He thinks it helped them focus on efficiency.
New Harvest also has a new logo for rebranding and new packaging.
“It’s simply been a time of change,” he said.
Of moving to 10 Sims Ave., Kleinfeldt says, “I like the energy in the neighborhood.”
In addition to being the home of Farm Fresh RI and its farmers market, the neighborhood also includes Industrious Spirits Co., The Steel Yard industrial-arts site and Revival Brewing, which has been holding pop-ups and building out new space.
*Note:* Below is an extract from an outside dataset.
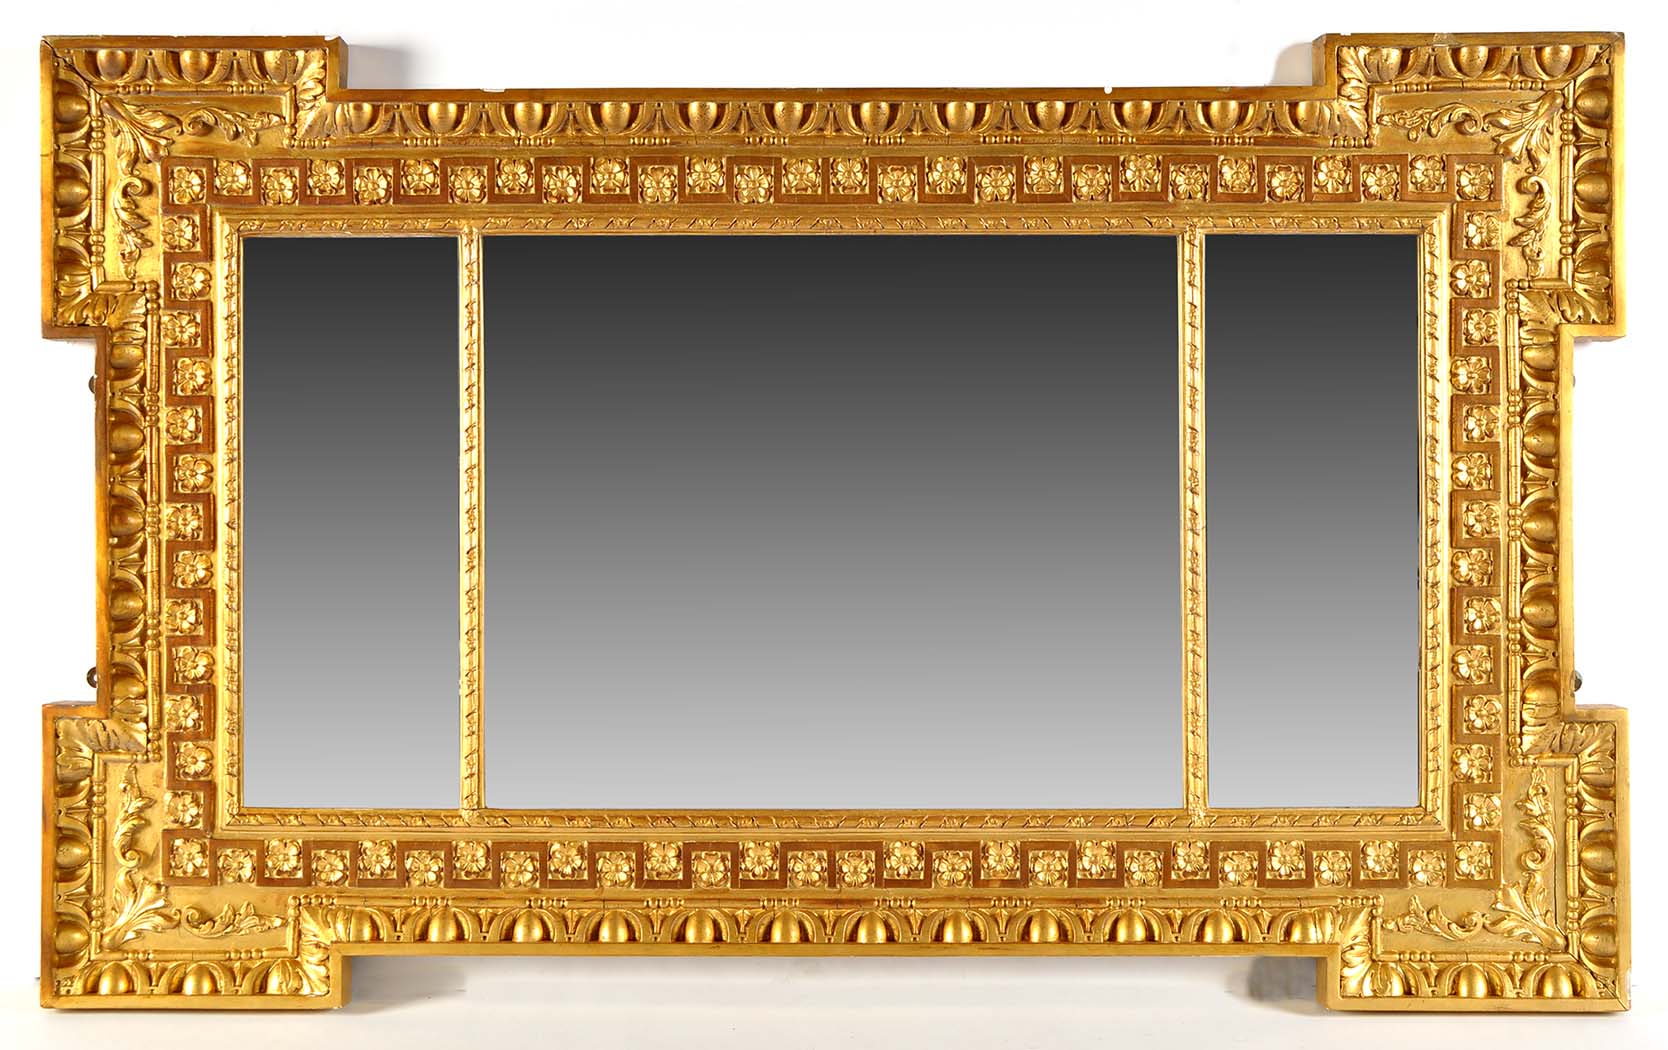 A George II style gilt overmantel mirror, in the manner of William Kent, with triple plates enclosed

New Harvest’s first decades of growth started in an old shed in Rumford before growing in the Hope Artiste Village in Pawtucket.
“Until now, we grew in an organic way, that is to say haphazardly,” Kleinfeldt said.
Most of their space in Pawtucket did double-duty as the company grew. Still they managed to offer cupping, or tasting classes, and conduct barista training there — things they will also do in Providence. He also expects to add more staff.
The former coffee and spirits bar is now closed in the Arcade in Providence as they move everything under one roof.
The move to Providence gives them more space to practice what is unique to their business. That is, to offer a lab for training baristas, coffee shop owners and the public.
“There will be huge garage doors so people can see the transparency of roasting and training. We will be showing off everything that we do,” he said.
Growing up in Dayton, Ohio, Kleinfeldt only knew about instant coffee for daily drinking and perked coffee for company.
His ah-ha moment came when he was an exchange student in Greece during high school.
“I realized coffee didn’t have to be bitter and stale,” he said. He began looking for espresso to drink back in the States in the late 1980s.
He came to Providence for graduate school, got his master’s and was working on his Ph.D. in European history when he went to work at the Coffee Exchange in 1991.
He said he learned a lot from owner Charles Fishbein. That included appreciating light roasted coffee from the beans of small farms for their complex flavor notes of apple, grape and citrus. He had been into dark-roasted French.
When he started New Harvest, his focus was to introduce small farm light roasts. That meant coffee from farms that might grow 1,500 pounds and dry and process it on their own.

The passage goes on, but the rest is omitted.